SAREC is aware of a case where Eskom allegedly wants to double the cost IPPs must pay to be connected to the national grid.
Mark Pickering, a board member of SAREC, told Fin24 on Friday that it is basing its renegotiation allegation on feedback from a preferred bidder who was communicating with Eskom officials over the finalisation of a budget quote to connect to the national grid.
"SAREC obtained a legal opinion which confirmed our understanding that Eskom has no legal basis for refusing to sign the power purchase agreements, or negotiating the price of the power. Eskom signed power purchase agreements for bid rounds 1 to 3 without complaint," said Pickering.
"The [then] new CEO of Eskom Brian Molefe took a different position. Since his resignation the acting CEO Matshele Koko has continued with the same position. We do not see this as a legal dispute. Eskom has never raised a legal concern."
SAREC would prefer to resolve the dispute through engagement.
"We have engaged with Eskom and government since Eskom made its position public in July 2016. We are prepared to consider a court challenge if engagement fails. For now we are focused on engagement," said Pickering.
Brenda Martin, chair of SAREC said in a statement that signs are emerging that Eskom will drag its feet wherever possible to resist signing outstanding power purchase agreements with renewable producers. This despite President Jacob Zuma having indicated that Eskom will sign the outstanding power purchase agreements (PPAs) for renewable energy in line with the procured rounds.
SAREC pointed out that, before power purchase agreements can be signed, Eskom must first finalise budget quotes for each independent power producer (IPP). This relates to Eskom’s quoted cost to connect the new plant to the national grid. All such budget quotes had expired during the long delay as Eskom refused to move forward with the process, according to SAREC.
“Despite the President’s injunction, Eskom has yet to issue a single IPP with an updated budget quote. Eskom managers report that the Eskom board and interim CEO have yet to approve the formal issuance of these quotes,” said Martin.
Eskom spokesperson Khulu Phasiwe told Fin24 on Friday that SAREC's view is simply SAREC's interpretation.
"Eskom is saying that we are producing electricity at just less than 60c/kwh. So, we are saying it will be almost shooting ourselves in the foot if we have to pay way above that," said Phasiwe.
"When we started with the project we were paying R3/kwh due to the situation at the time. Now that our power system has been stabilised one cannot defend paying such high prices."
He said Eskom has presented its proposal in this regard to the Department of Energy and the minister agreed with Eskom that, if it continues to fund this project, it must be at the cost Eskom can afford.
As for the cost of connecting to the grid, Phasiwe said it is not something Eskom will decide willy-nilly.
"Just like electricity prices, we have to get approval from the regulator.
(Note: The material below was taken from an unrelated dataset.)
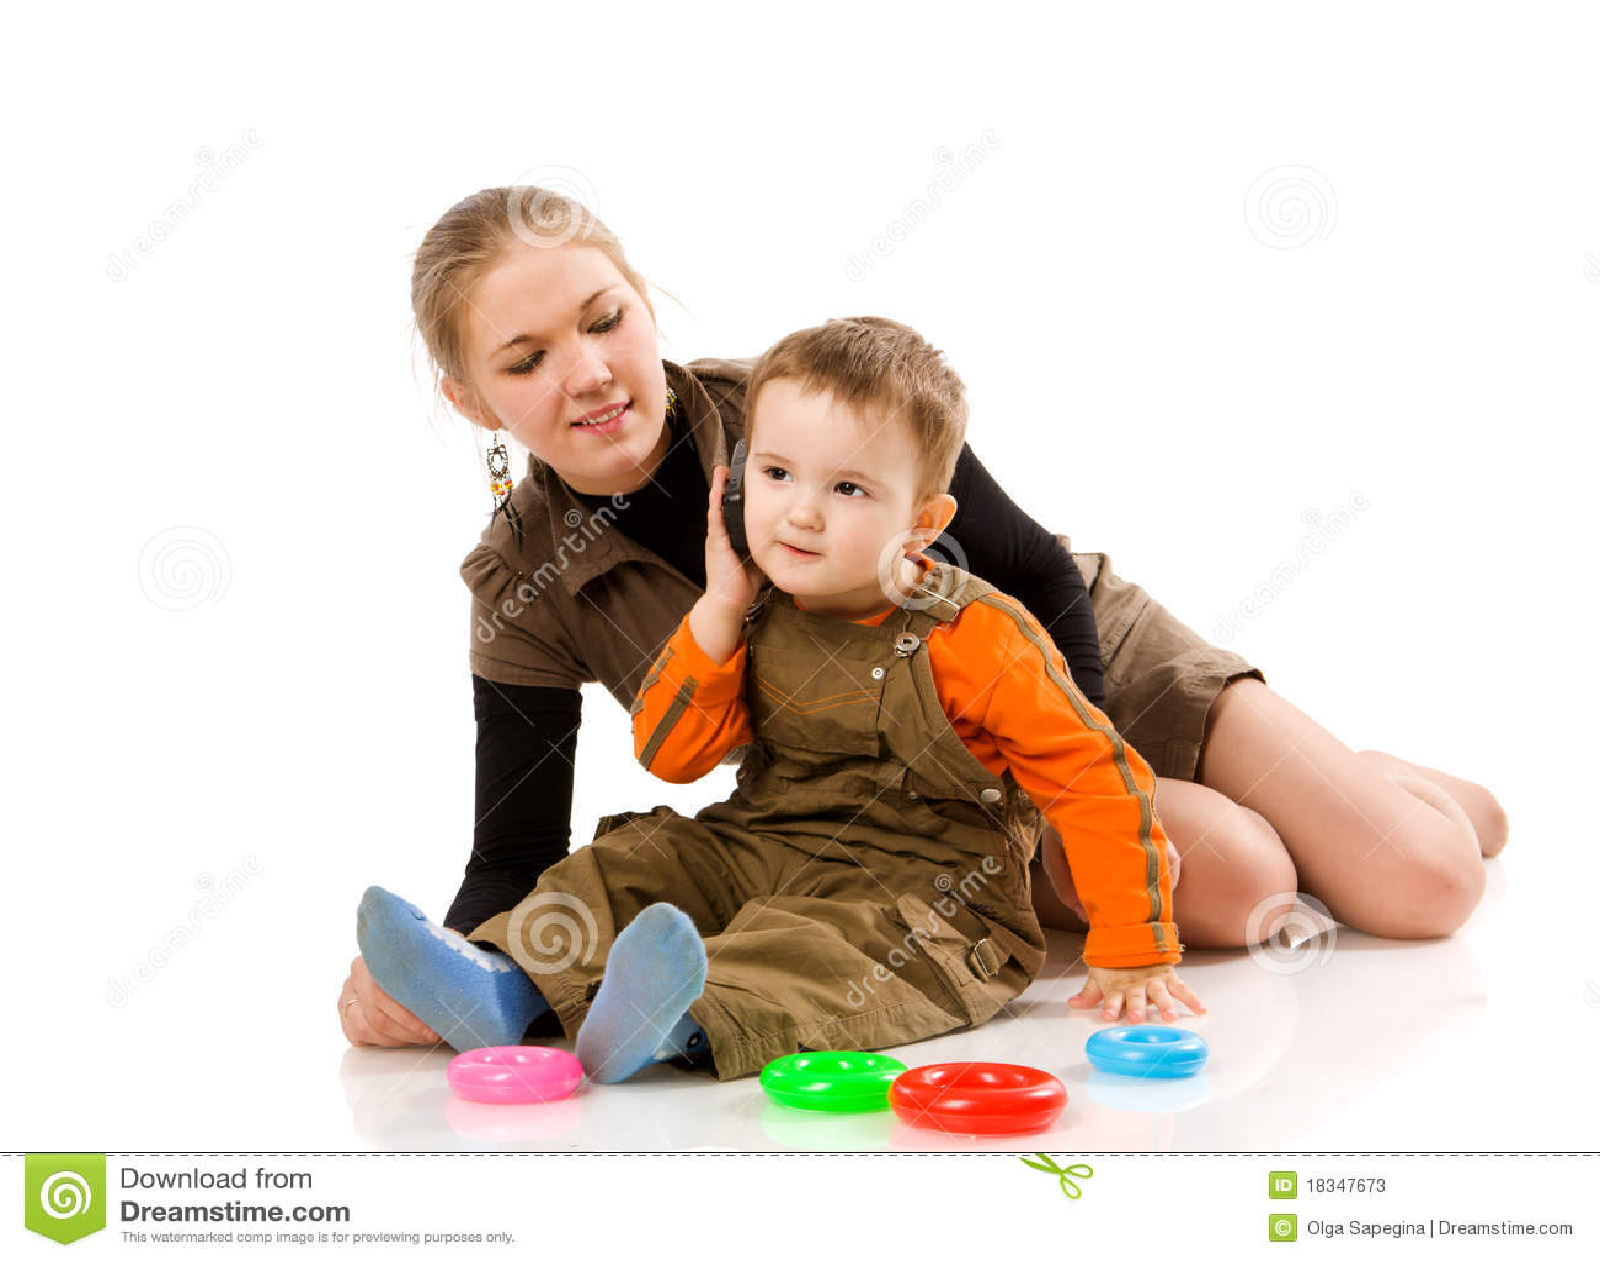 Сын с мамой играют в карты 10 фотография

So in terms of connecting to the grid, we have to present our case to the regulator. We, therefore, have to get approval even if we want to double the cost," said Phasiwe.
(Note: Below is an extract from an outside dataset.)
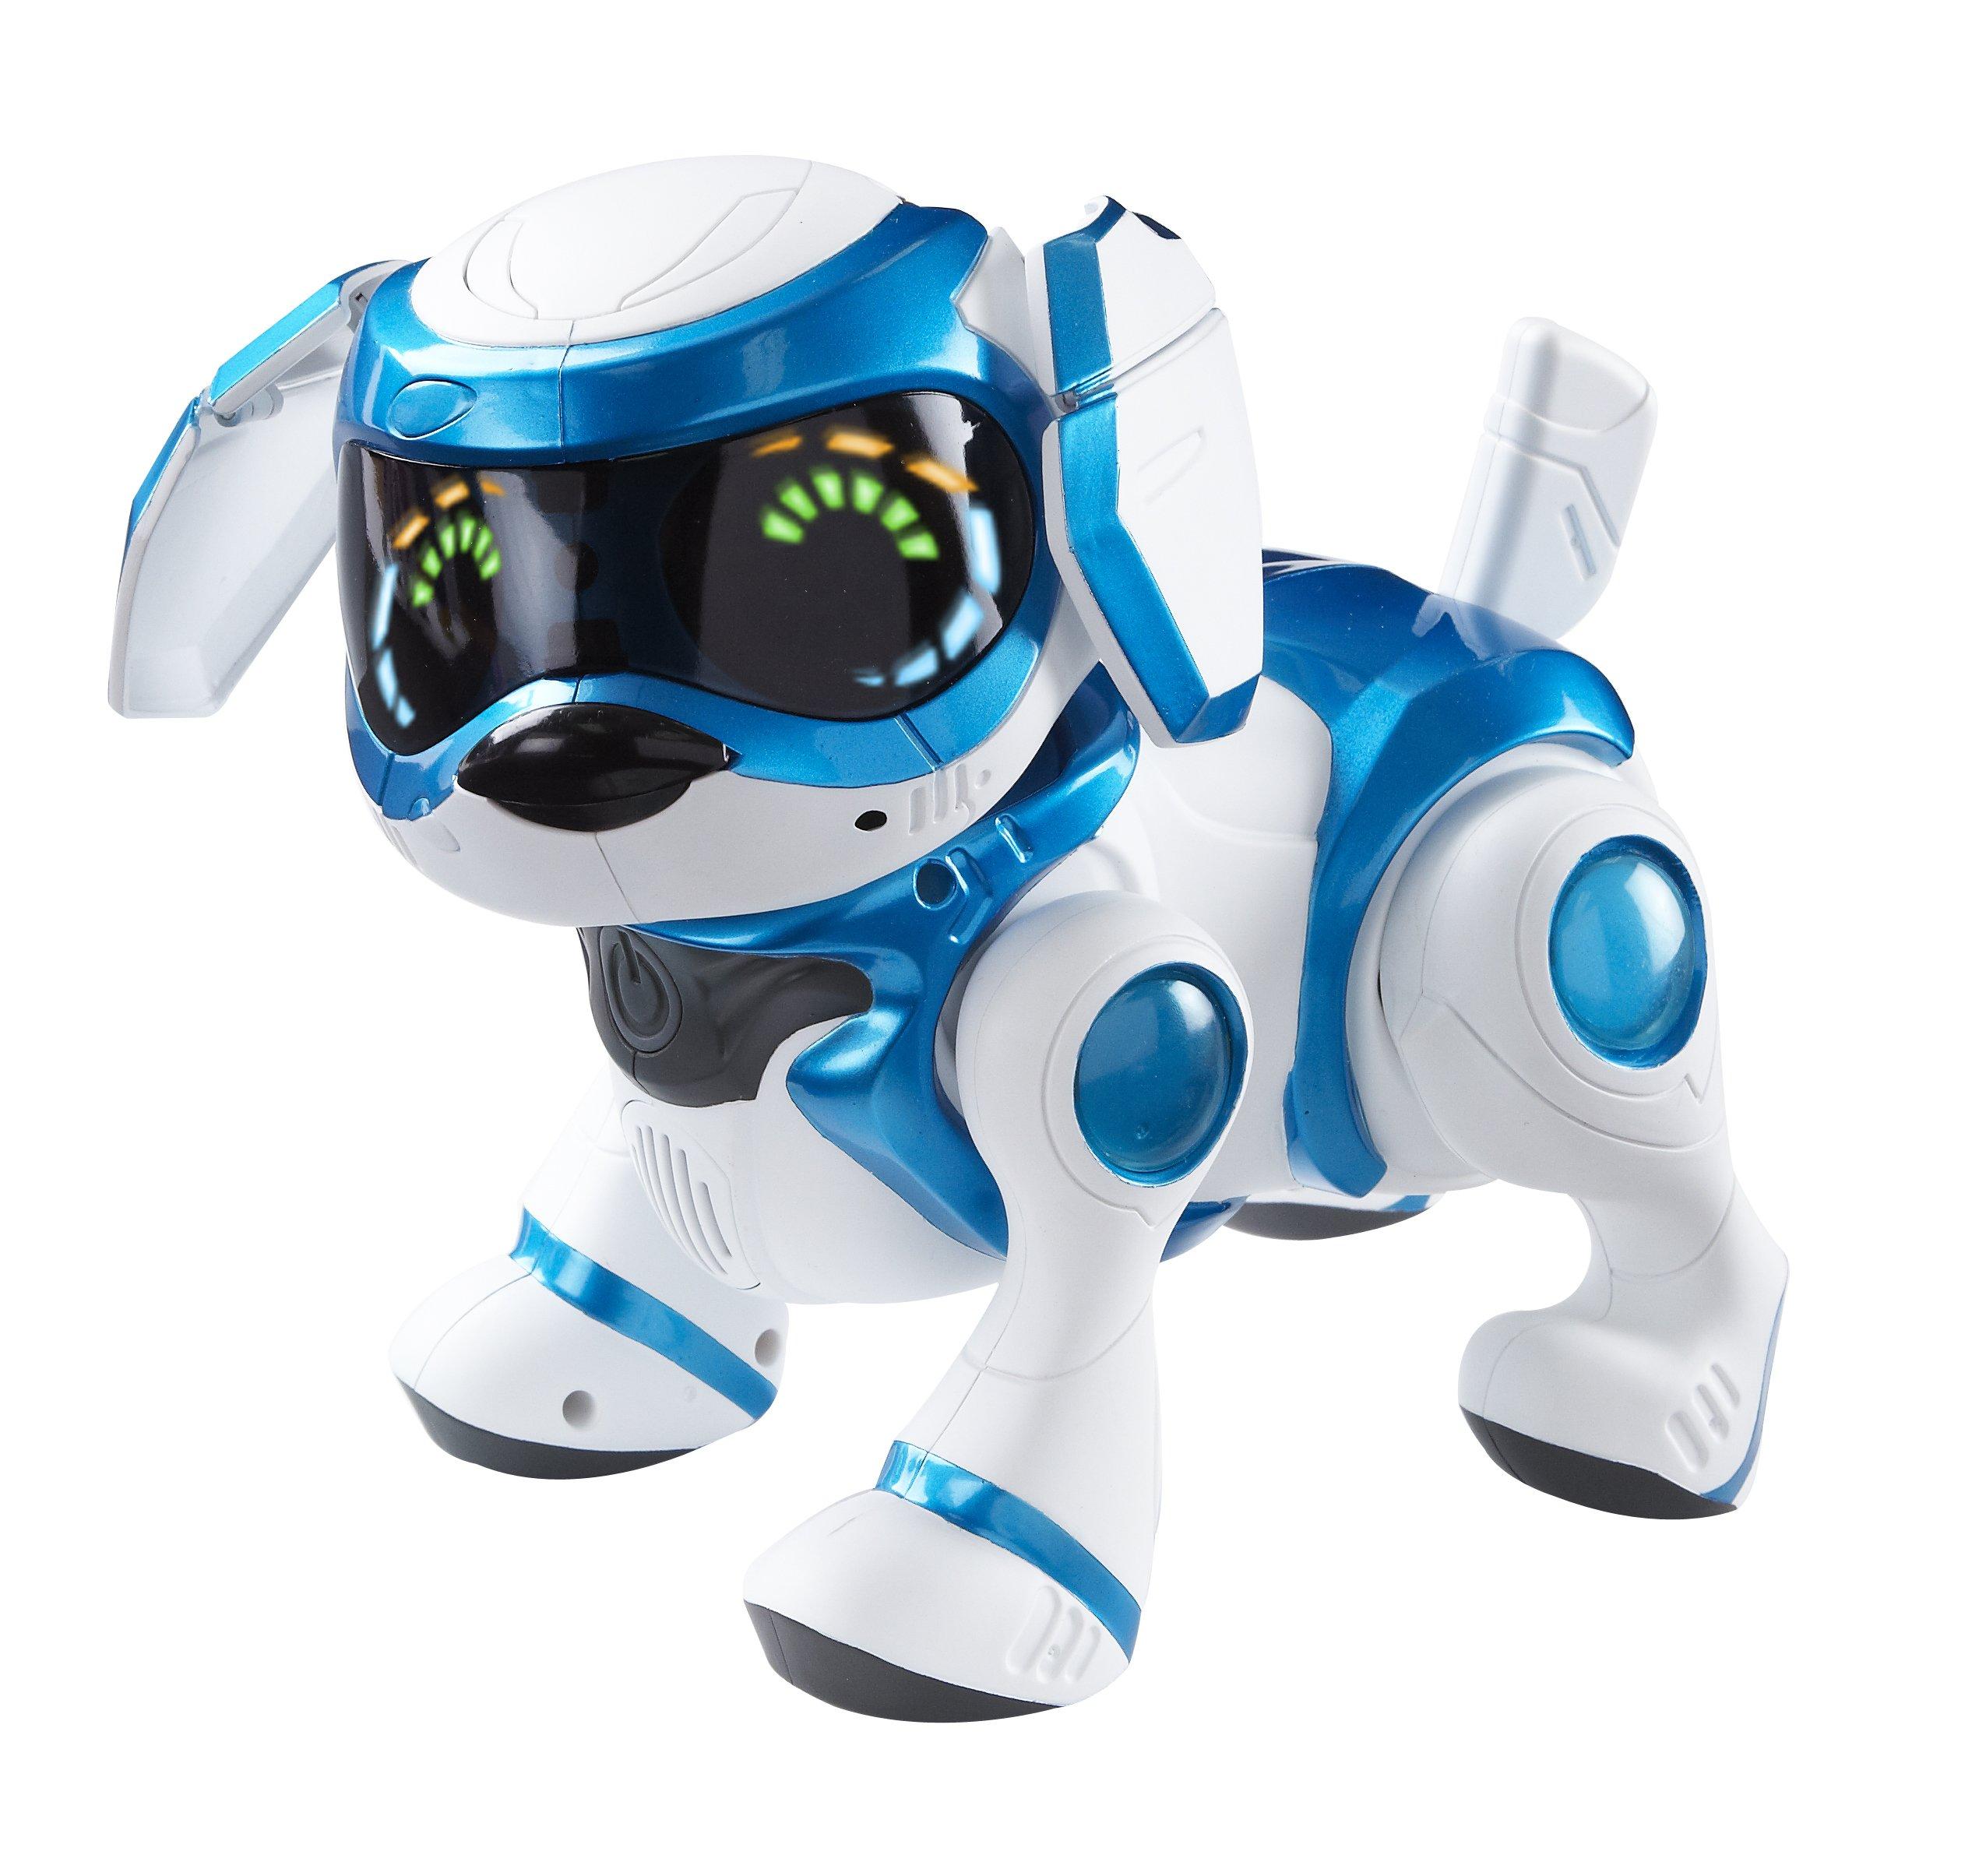 Teksta Robotic Puppy Blue by Bit 360

"I don't know why SAREC is saying we want to double the cost."
Last week Fin24 reported that Eskom has set the ball rolling to sign 26 power purchase agreements (PPAs) that will mean independent power producers (IPPs) can start construction on wind and solar projects.
Energy Minister Tina Joemat-Pettersson has apparently acted swiftly and wants to see a fast-tracked programme of action so the IPPs can get their projects under way.
According to Phasiwe the 2 383 MW of renewable PPAs remaining to be signed have been approved by the Eskom board’s investment and finance committee and approvals have been received from the minister of public enterprises.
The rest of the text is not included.